((

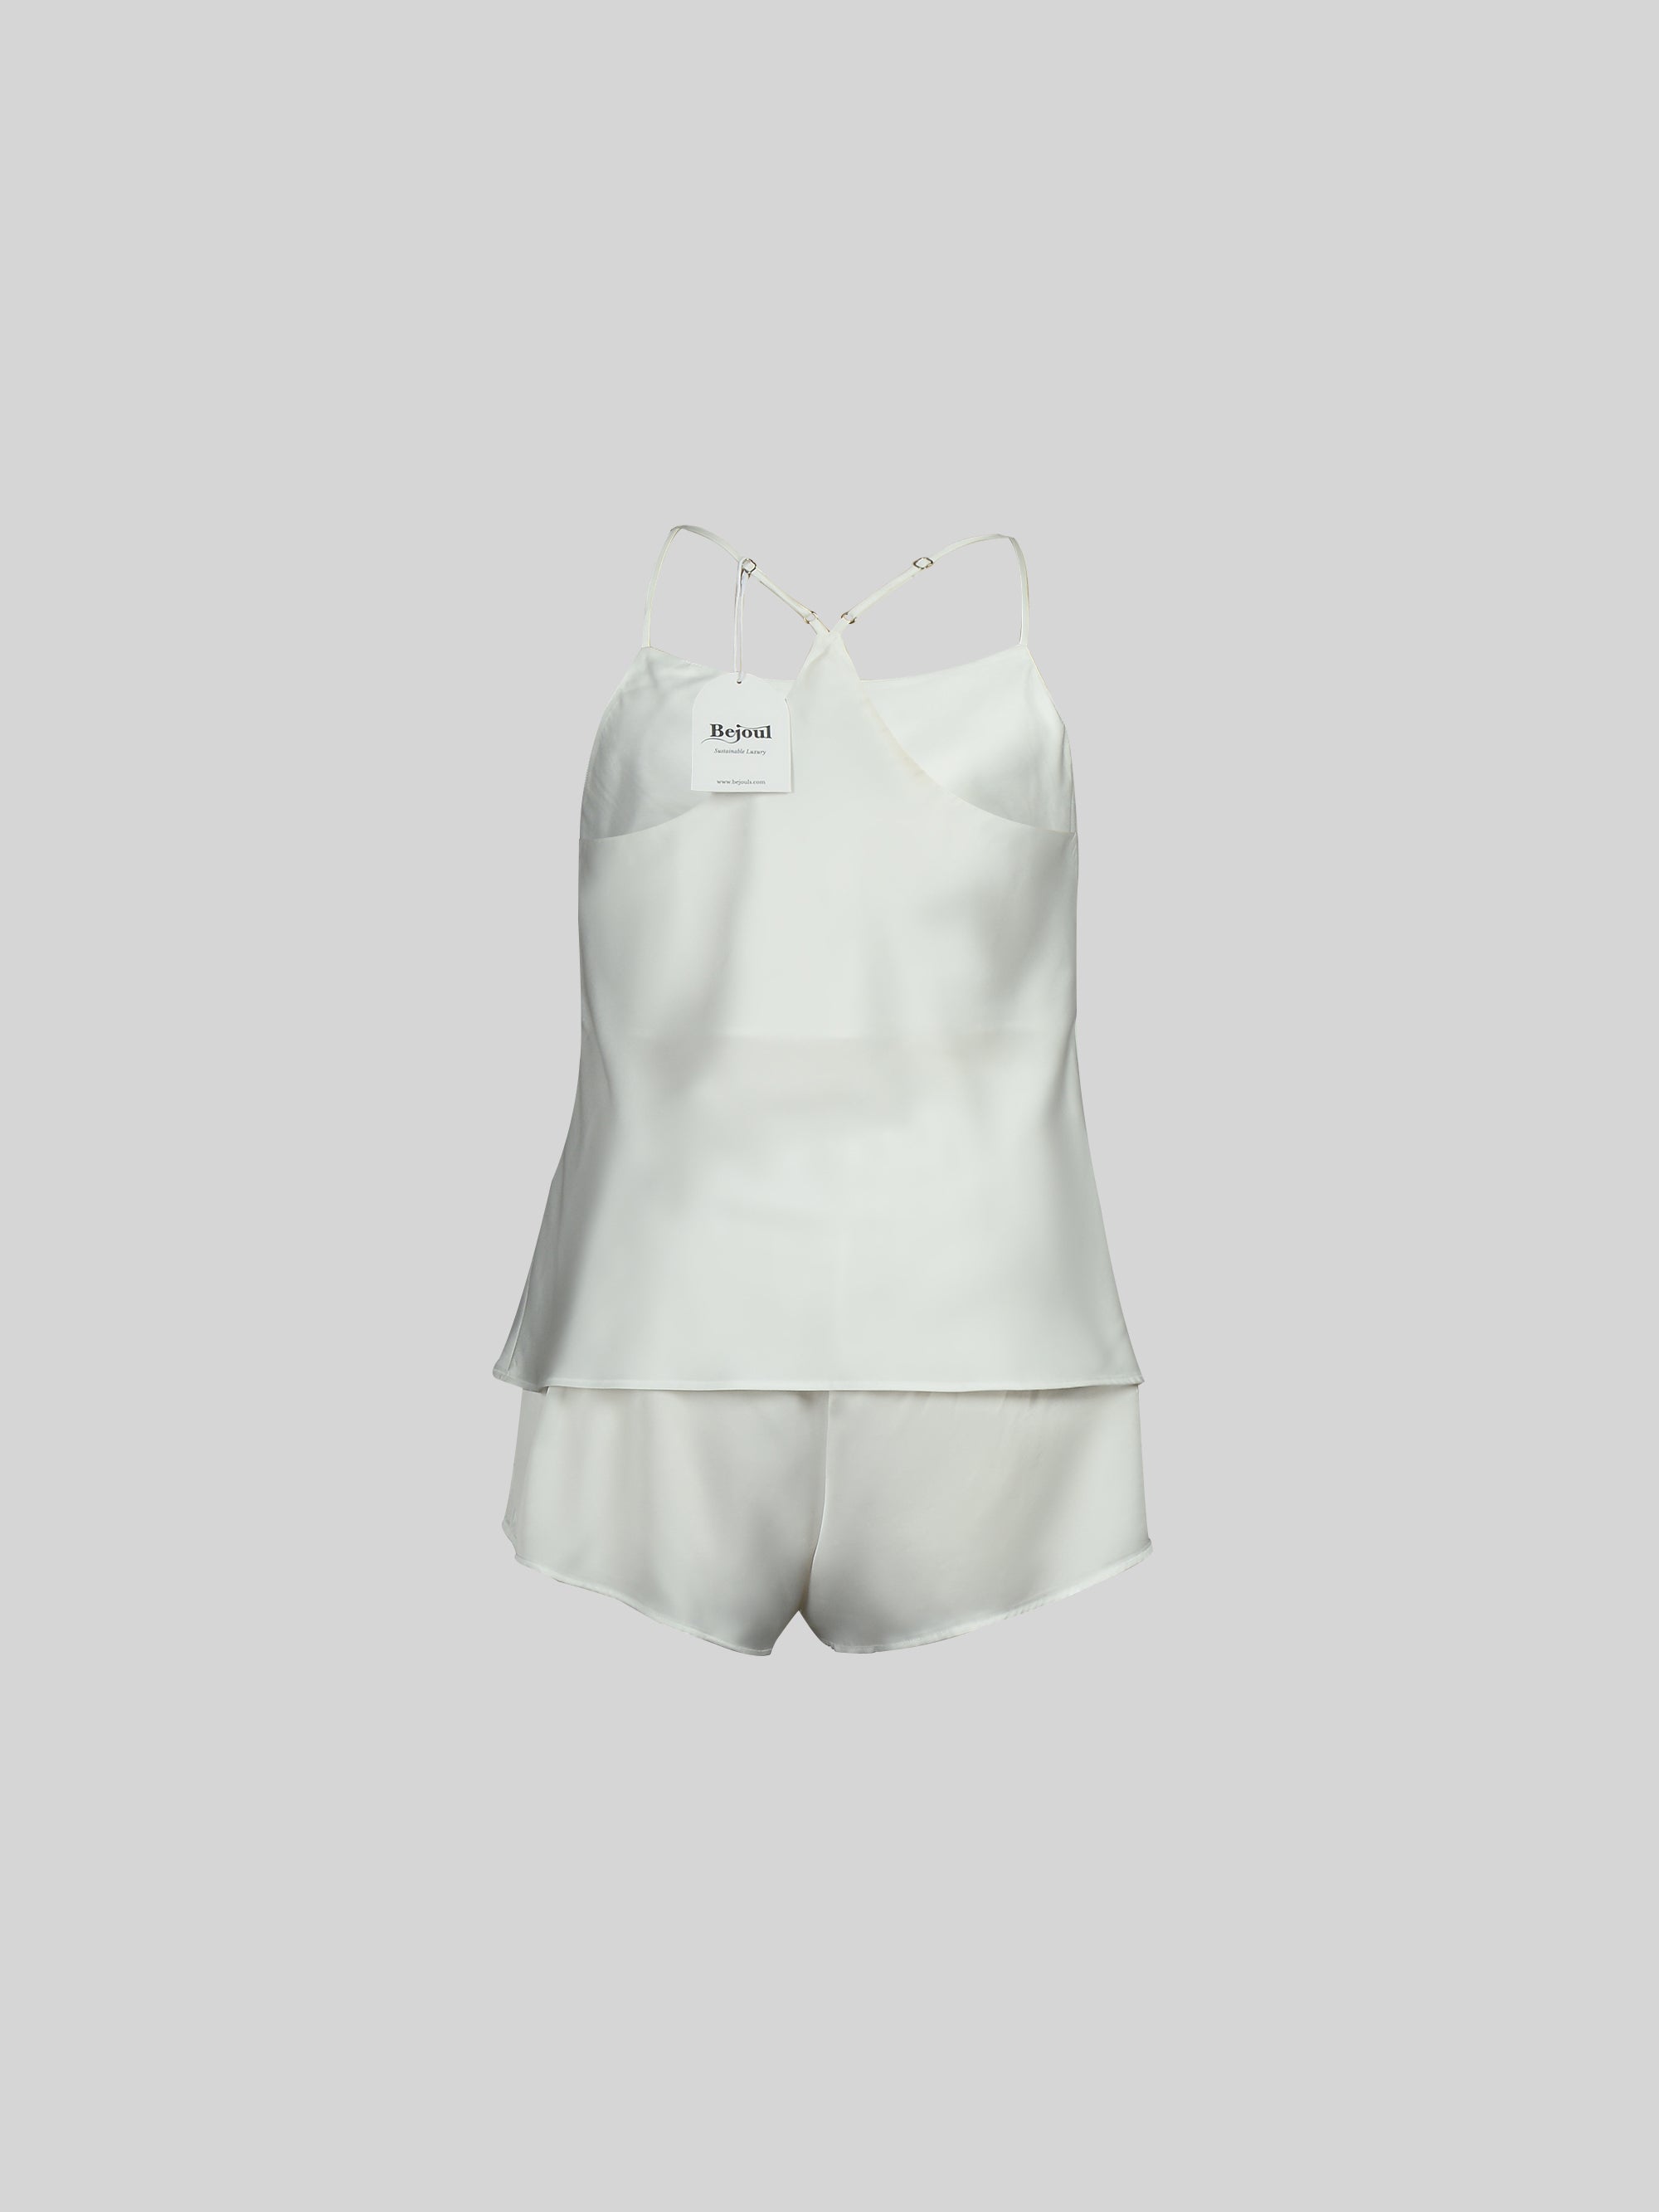 White Camisole Set – Bejoul
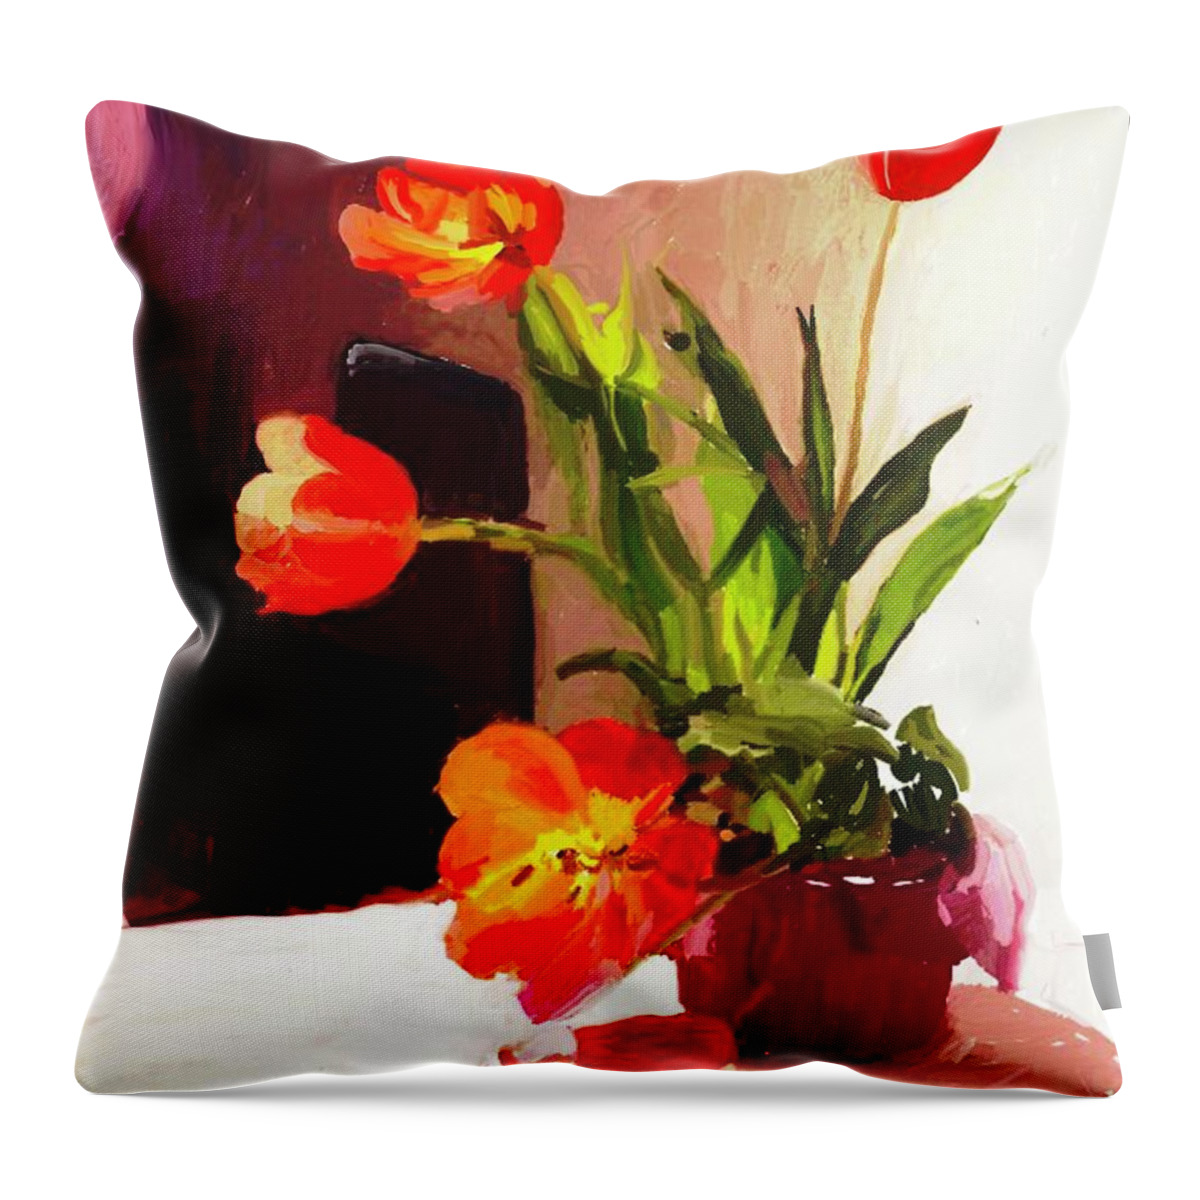 Flowers Throw Pillow featuring the digital art Red Flowers by Joe Roache
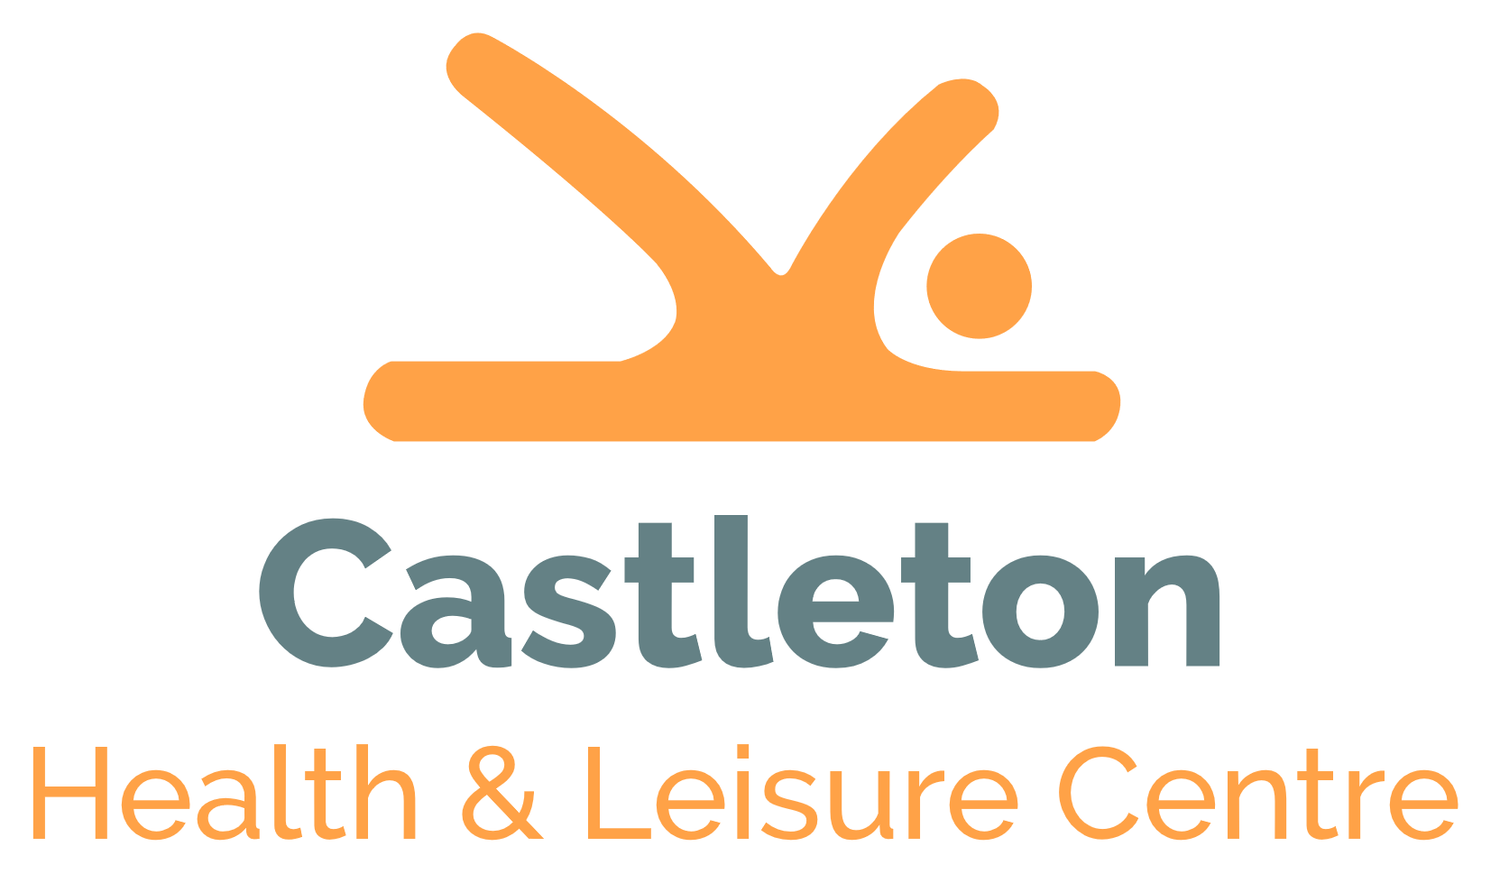 Castleton Health and Leisure Centre

))

• [What the exercise asks]: Would you repeat the complete listing exactly, excluding each picture it holds?

• [Exercise solution]:
 White Camisole Set – Bejoul
 Flowers Throw Pillow featuring the digital art Red Flowers by Joe Roache
 Castleton Health and Leisure Centre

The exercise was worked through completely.